Small-scale -- a few users -- uses a few resources.
Large-scale -- a large number of users -- uses a large number of resources.
The critical question is "how close to linear is the scaling?" If it scales linearly, then serving 2,000 concurrent users costs 2 times as much as serving 1,000 users and 4 times as much as serving 500 users. This is a tool/framework/language/platform/os that scales well. It's predictable, and the prediction is linear.
If it does not scale linearly, then serving 4,000 users costs 1,000 times as much as serving 2,000 users which cost 100 times serving 500 users. This did not scale well. Something went wrong as usage went up; it does not appear predictable and it is not linear.
It means that a particular framework does (or does not) meet the increased demand that more users put on it. If you have an application written in VBScript, it might not do a good job of handling the 40,000,000 users of Facebook, for example.
This blog post explains some of the scalability pains Twitter experienced a year or so ago. It could provide some more insight into the answer to your question.
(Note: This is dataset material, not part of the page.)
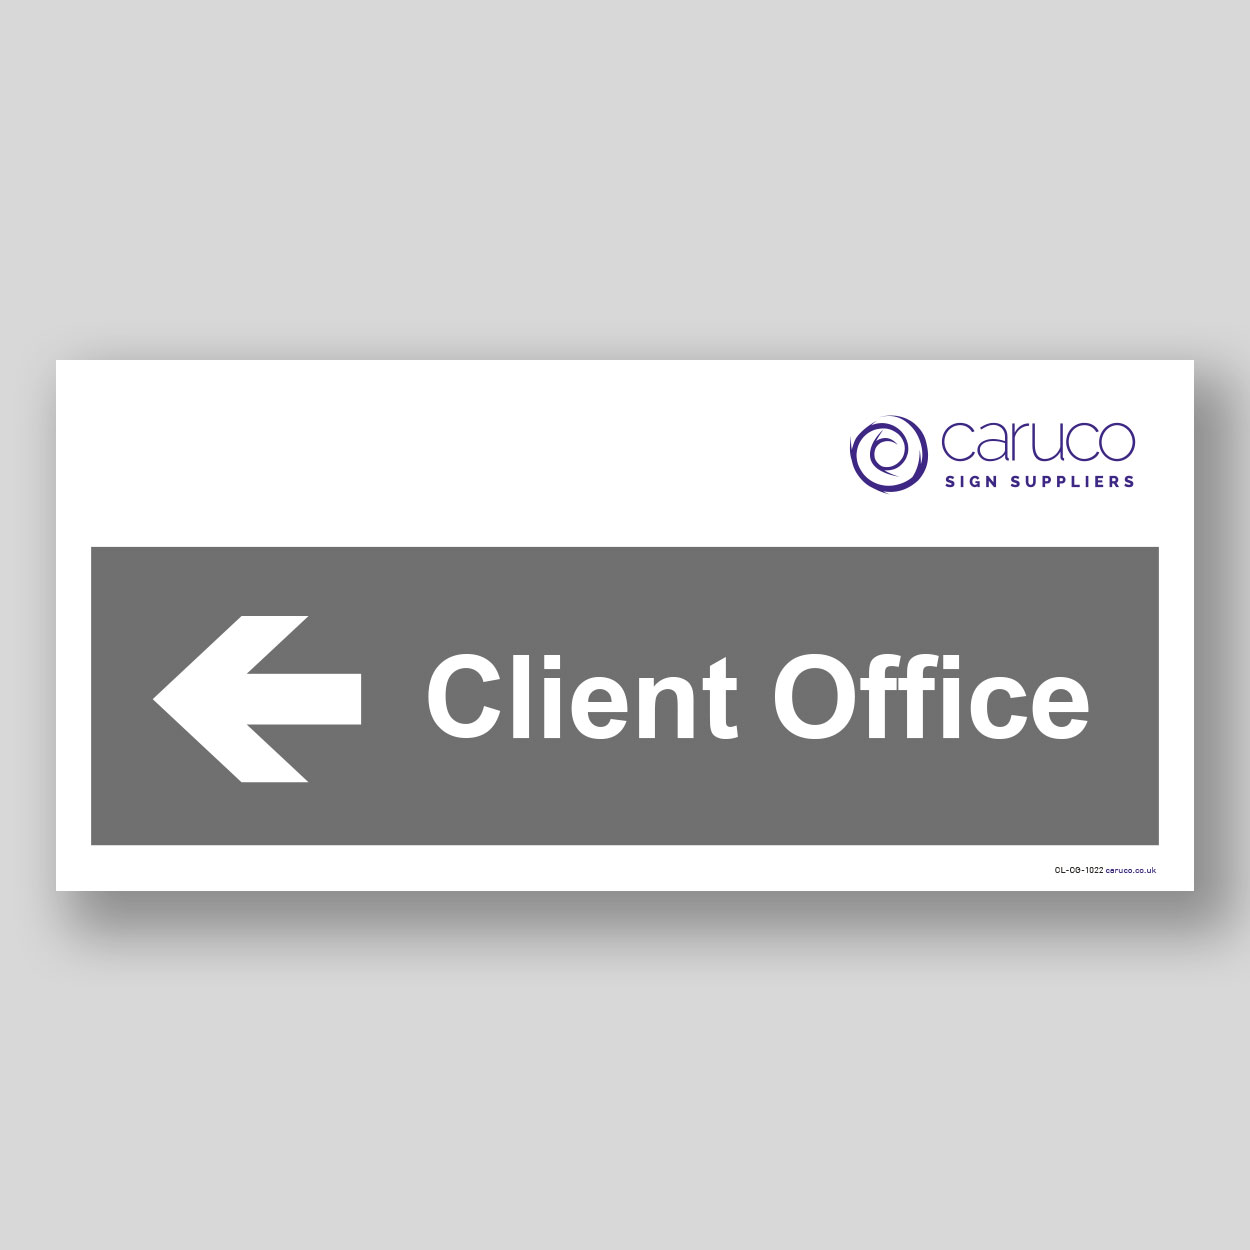 CL-CD-1022 Client office with left arrow

Sometimes lack of scalability is used to denigrate a language or framework, so watch out for that. Stick to studies that show real metrics. This applies to my VBScript example in the previous paragraph as well.
If a framework or an application scales well, it means that it can handle larger loads. As your site becomes more popular with more visitors and more hits per day, a framework that scales well will handle the larger load the same as it handles a smaller load. A framework that scales well will act the same when it receives 200,000 hits an hour as it does when it gets 1 hit an hour. Not only hits, but being deployed across multiple servers, possibly behind load balancing, possibly with several different database servers. A framework that scales well can handle these increasing demands well.
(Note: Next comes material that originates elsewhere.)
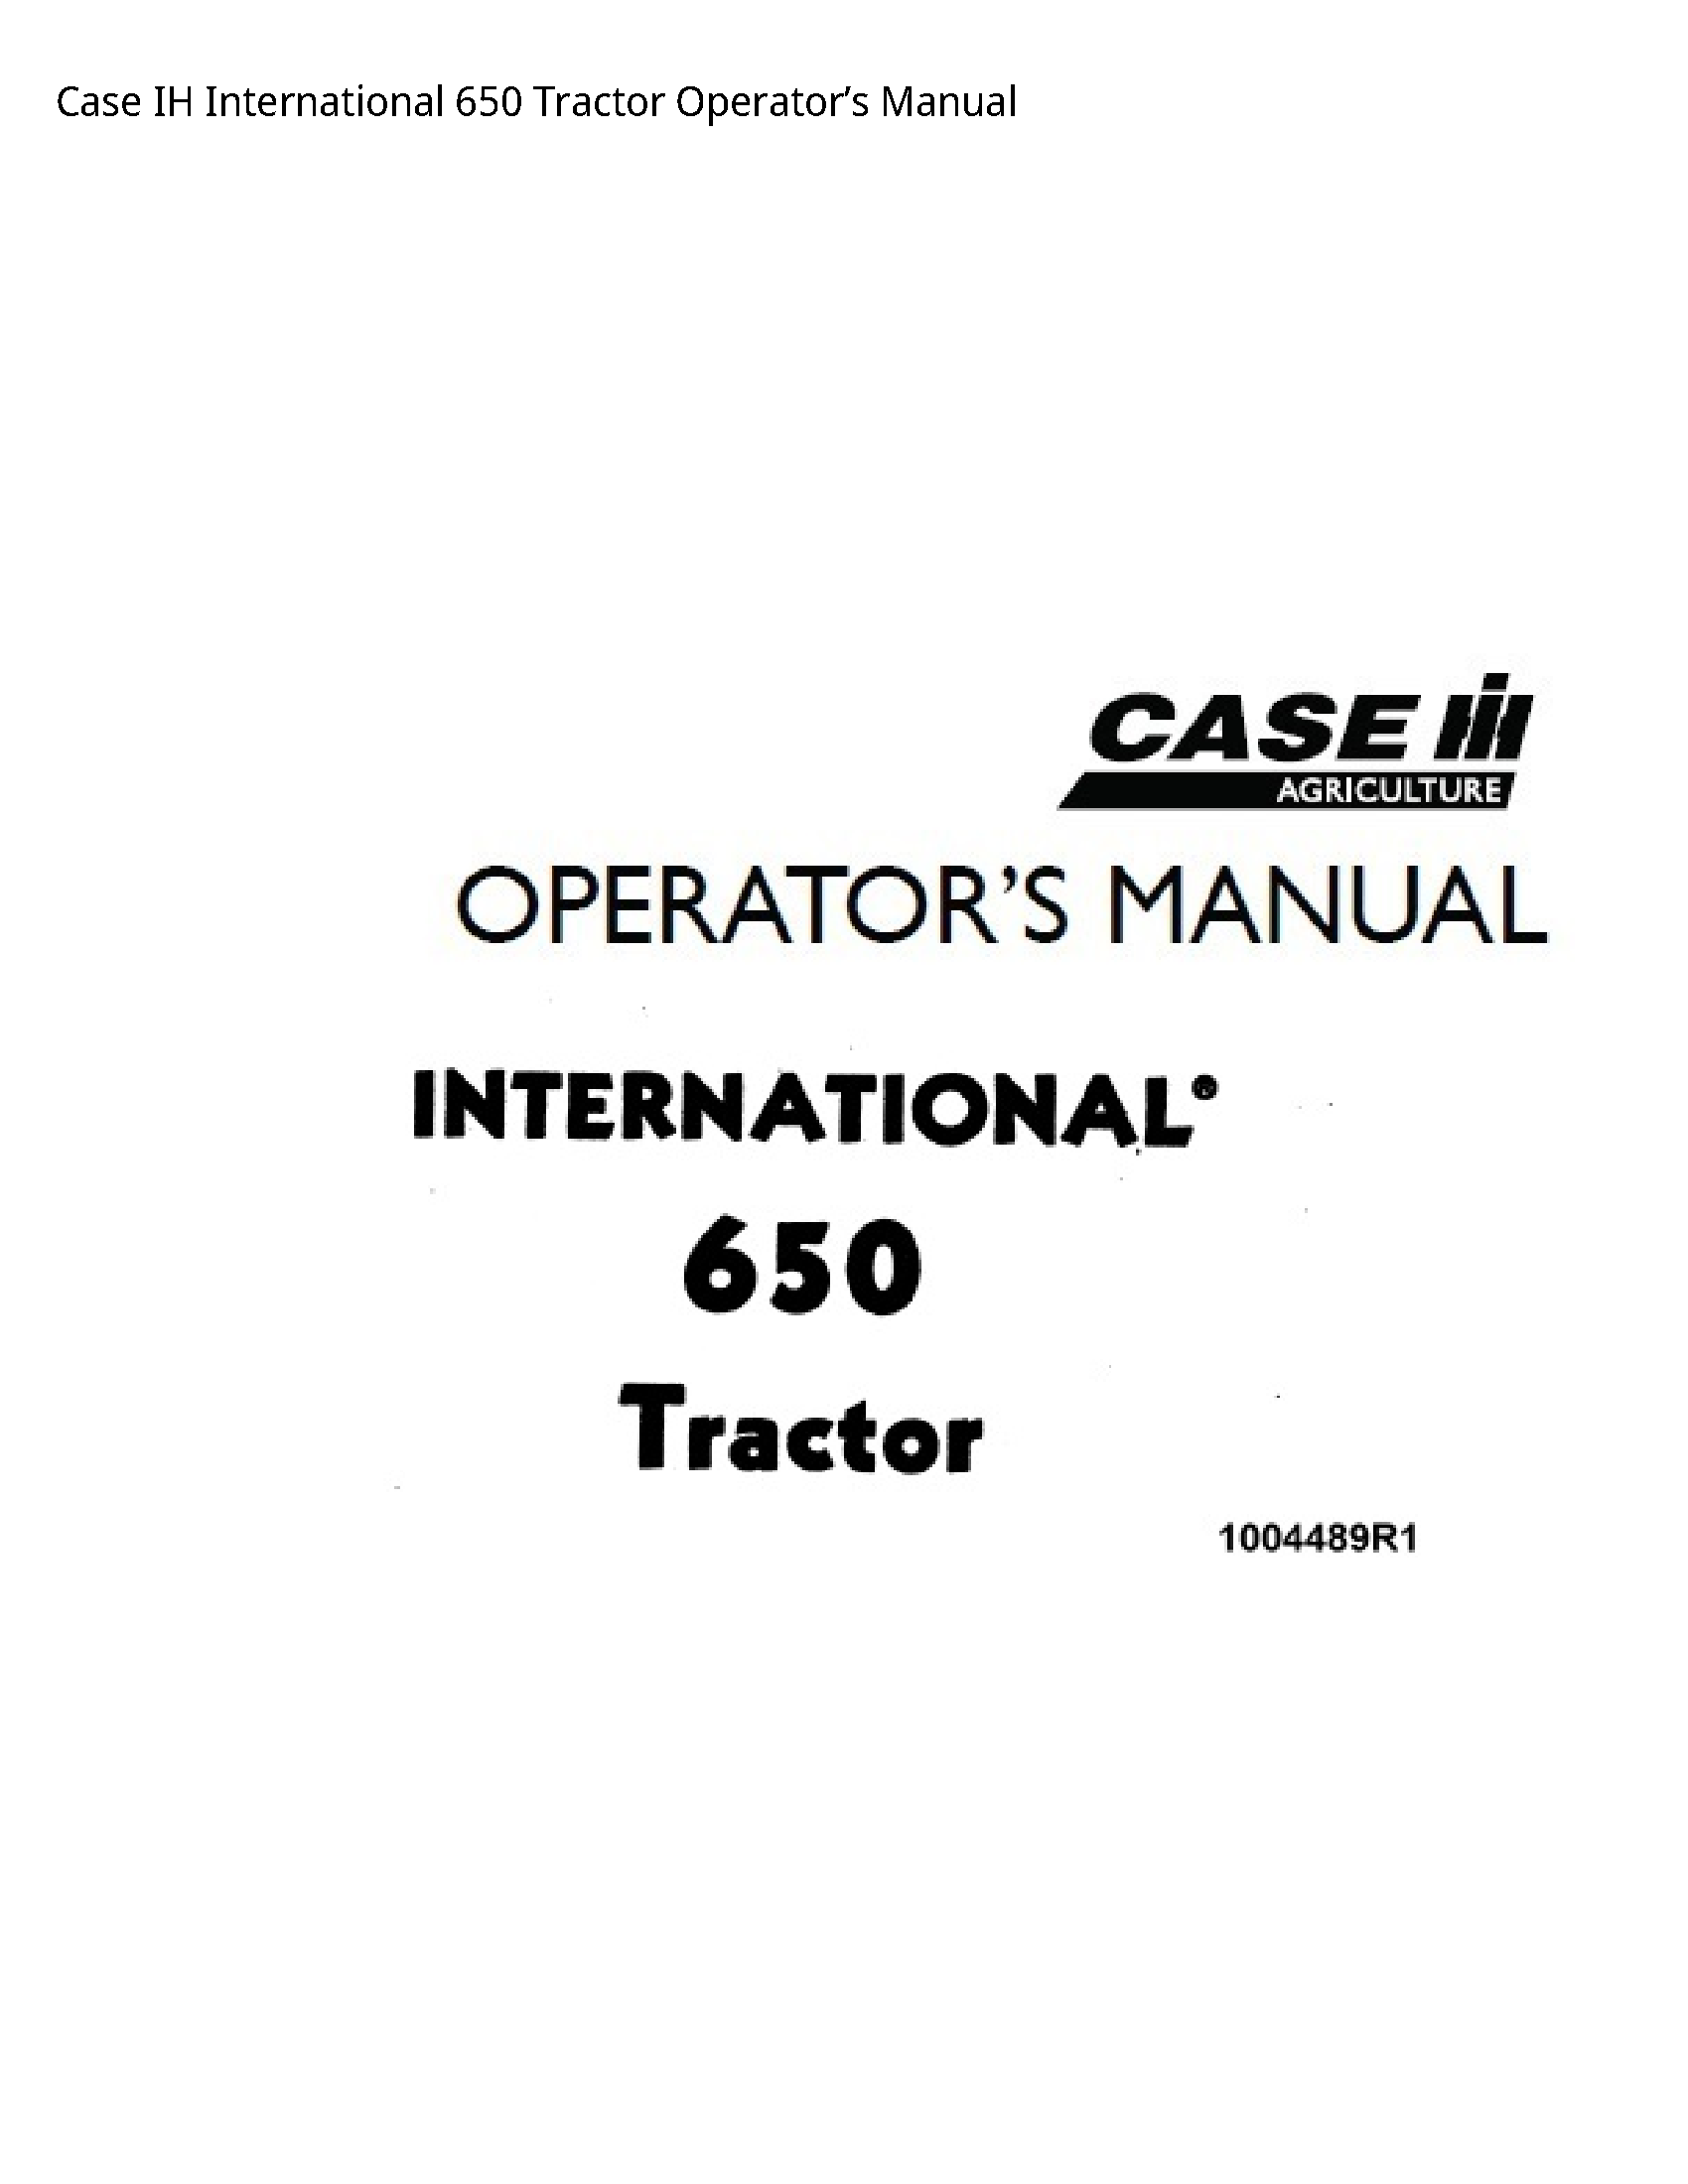 Case/Case IH 650 IH International Tractor Operator’s manual

For instance, twitter exploded almost overnight last year. It was developed using Ruby On Rails, and it was hotly featured in the ongoing debate on whether Rails scales well or not.
substitute the phrase "handle expansion" for "scale"
There are a few elements to it in my mind. The first is the obvious one -- performance scaling. Can your framework be used to build hight capacity, high throughput system or can it just be used to build smaller applications. Will it scale vertically on hardware (parallel libraries for example) and will it scale horizontally (web farms, for example).
The second is can it scale to larger teams or the enterprise. That is, does it work well with large code bases? Large development teams? Does it have good tool support? How easy is it to deploy? Can you roll out to tens or hundreds or even thousands of users? All the way down to is it easy to hire people that have this skill. Think of trying to put together a development team of 20 or 50 people that all work on this framework. Would it be easy or next to impossible?
IMHO, saying that a framework "scales well" usually means that someone in the hearsay chain was able to use it to handle lots of volume.
In parallel programming scalability is usually used to describe how an algorithm performs as it is parallelized. An algorithm that has a 1:1 speedup is a rare beast but will double in performance on twice the hardware/cpu, treble on three times the hardware/cpu, etc...
In my experience practically any framework can be made to scale given sufficient expertise.
The easier the framework is to use the greater the chance that a developer with insufficient expertise will run into scalability problems.
It means that some respected company is doing something serious with it and isn't having any problems with it.
Scaling means how easy it is to satisfy more demand by using more hardware.
Example: You have a website written in some language that gets 1000 visits a day. You get featured in some prominent magazin and your number of users grows. Suddenly you have 1000000 visits a day, thats 1000 times as much. If you can just use 1000 more servers to satisfy the grown need of resources, your website scales well. If on the other hand you add 2000 servers but still users can't connect, because your database can only handle 1000 requests per day, than your website does not scale well.